## WORK REQUIRED
Return the listing below verbatim. Pictures do not belong in the copy.

## PROVIDED DATA

☆ ☆ ☆ ☆ ☆ ☆ ☆

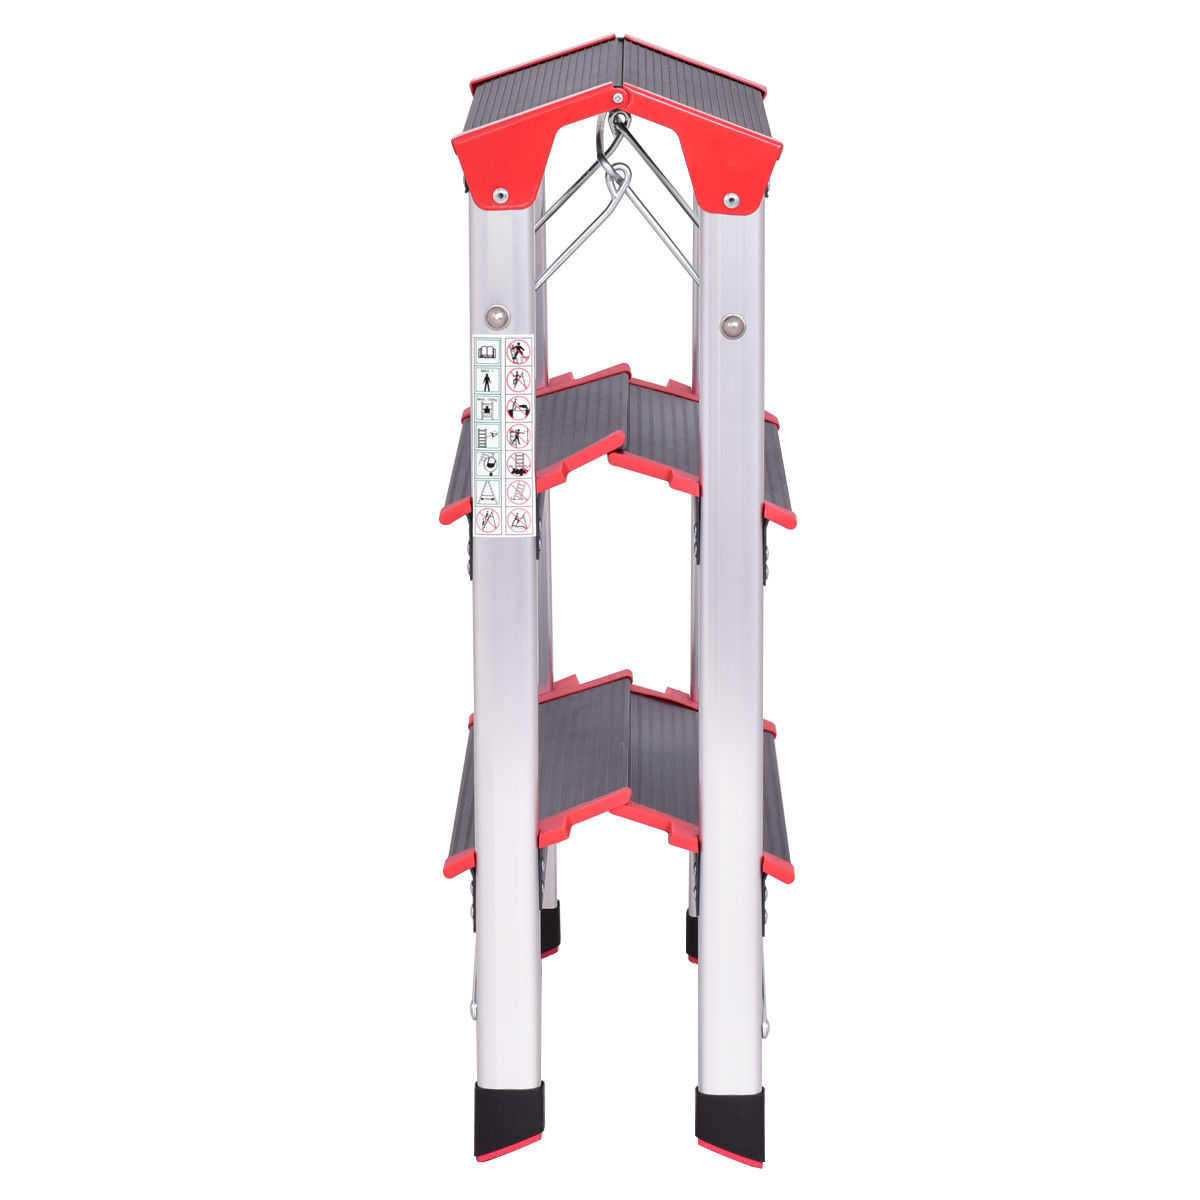 Costway 3 Step Aluminum Lightweight Ladder Folding Non-Slip Platform Stool 330Lbs Load
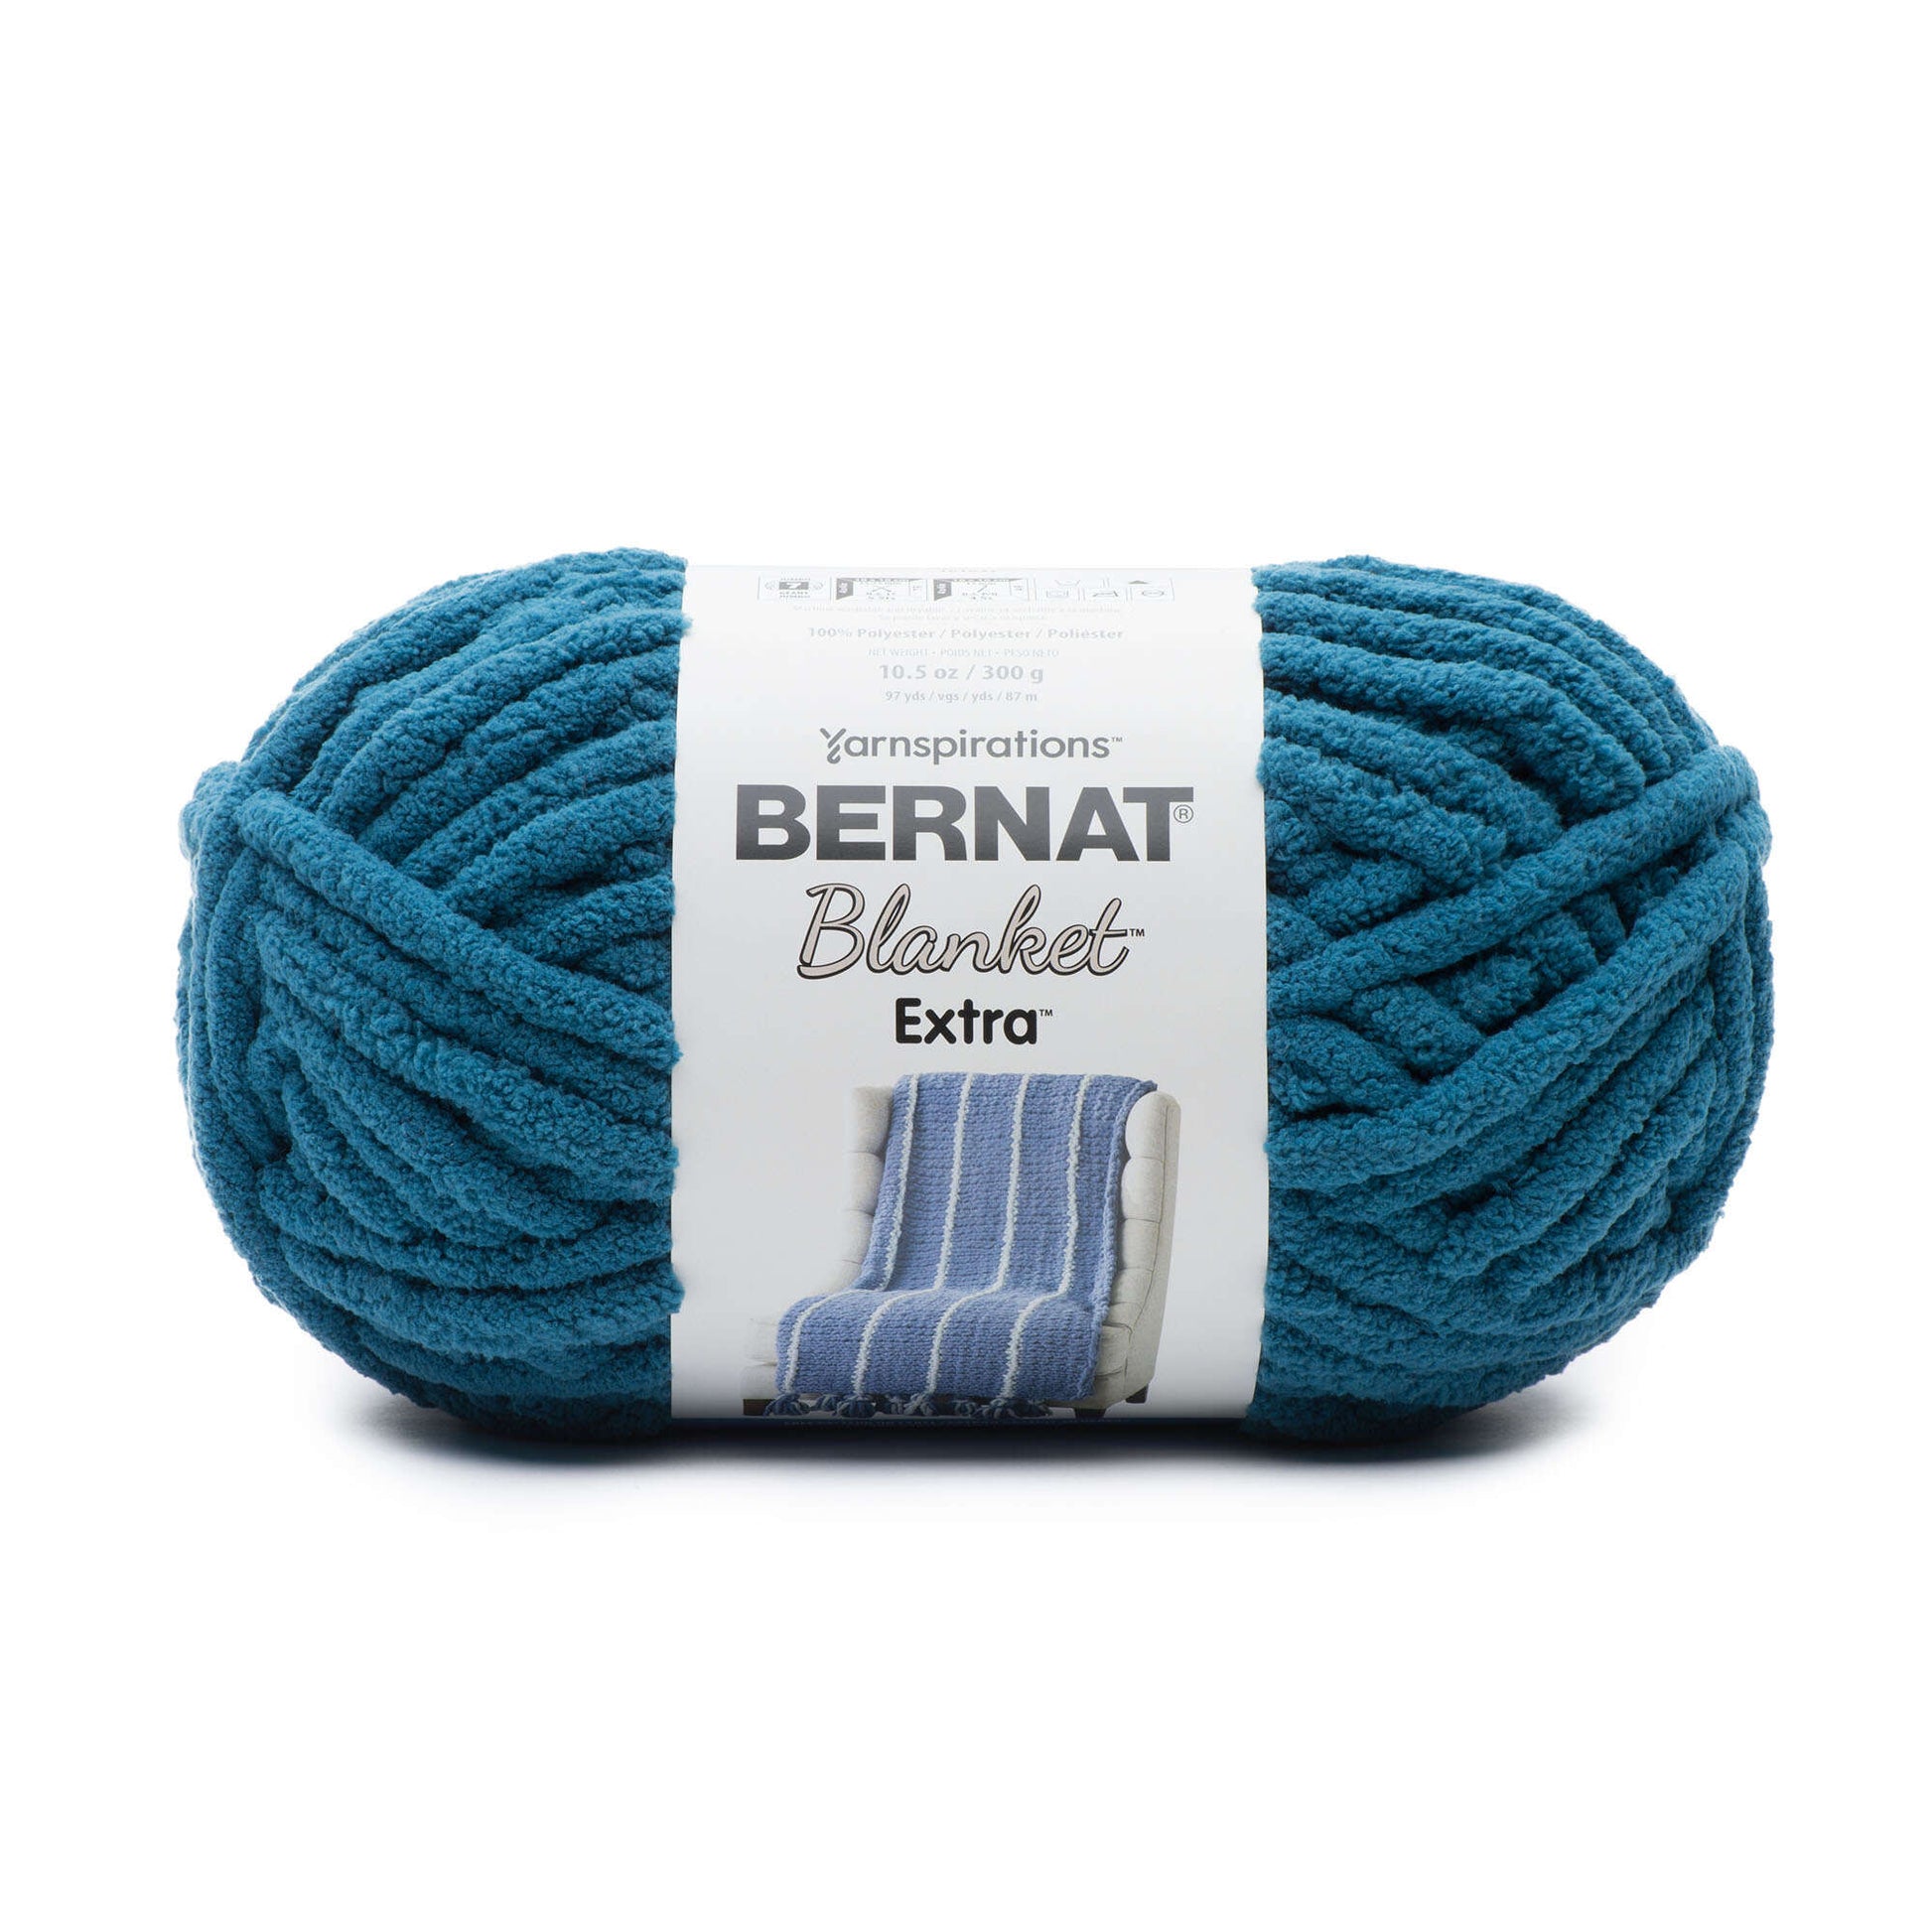 Bernat Blanket Extra Yarn (300g/10.5oz)
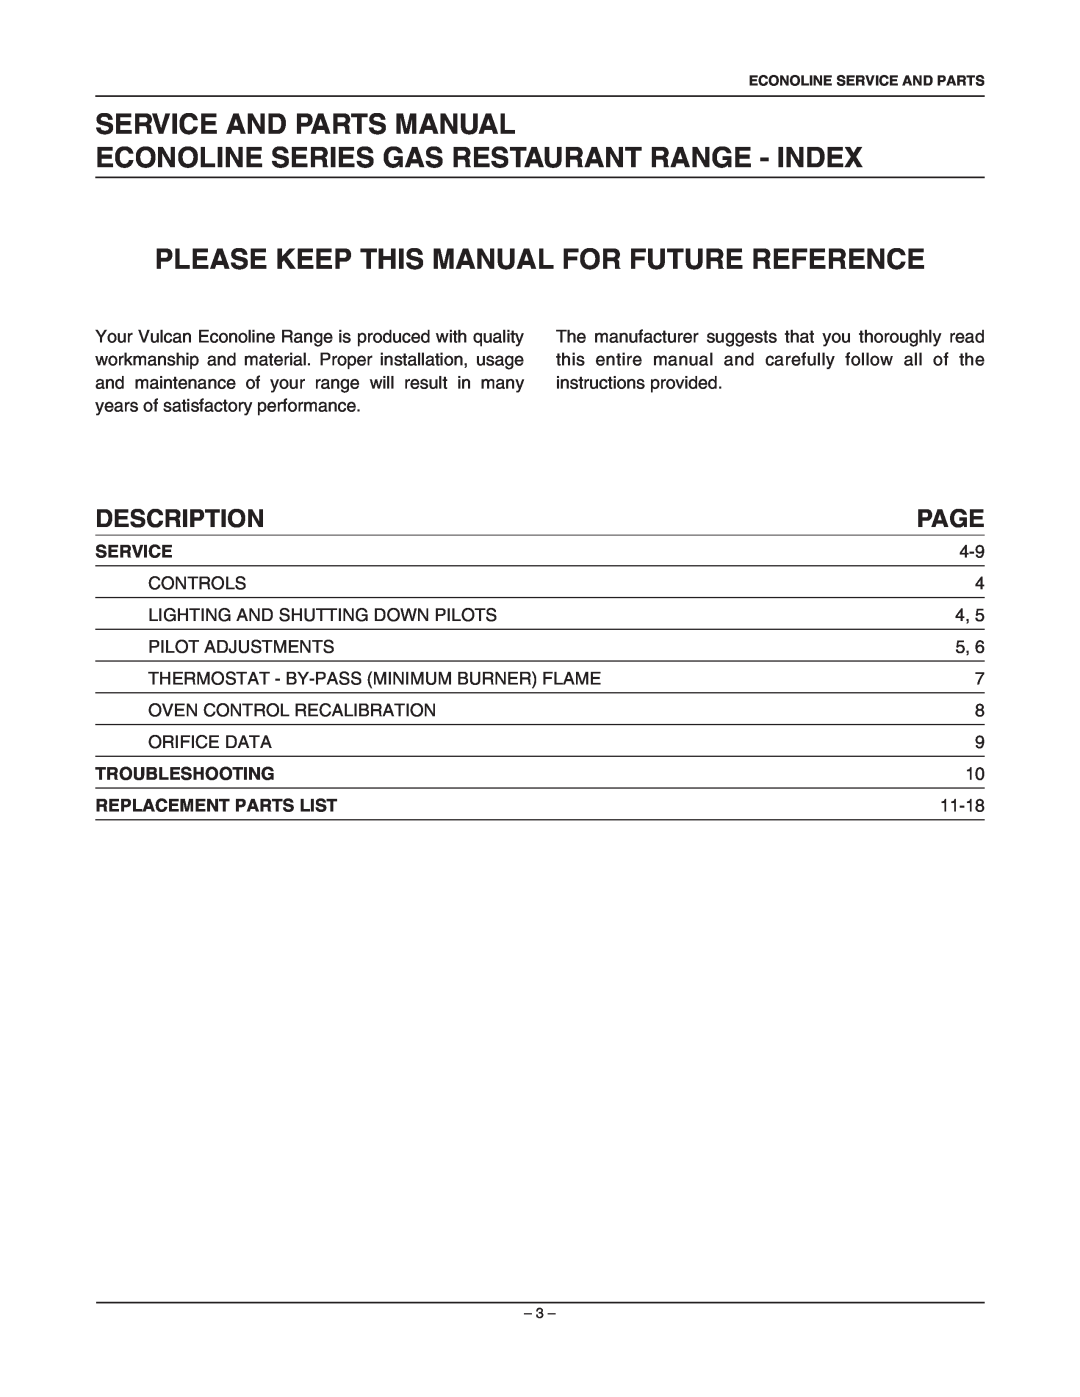 Vulcan-Hart 260L77R, 36L77R Service And Parts Manual, Econoline Series Gas Restaurant Range - Index, Description, Page

☆ ☆ ☆ ☆ ☆ ☆ ☆

## WRITTEN RESPONSE
 Costway 3 Step Aluminum Lightweight Ladder Folding Non-Slip Platform Stool 330Lbs Load
 Bernat Blanket Extra Yarn (300g/10.5oz)
 Vulcan-Hart 260L77R, 36L77R Service And Parts Manual, Econoline Series Gas Restaurant Range - Index, Description, Page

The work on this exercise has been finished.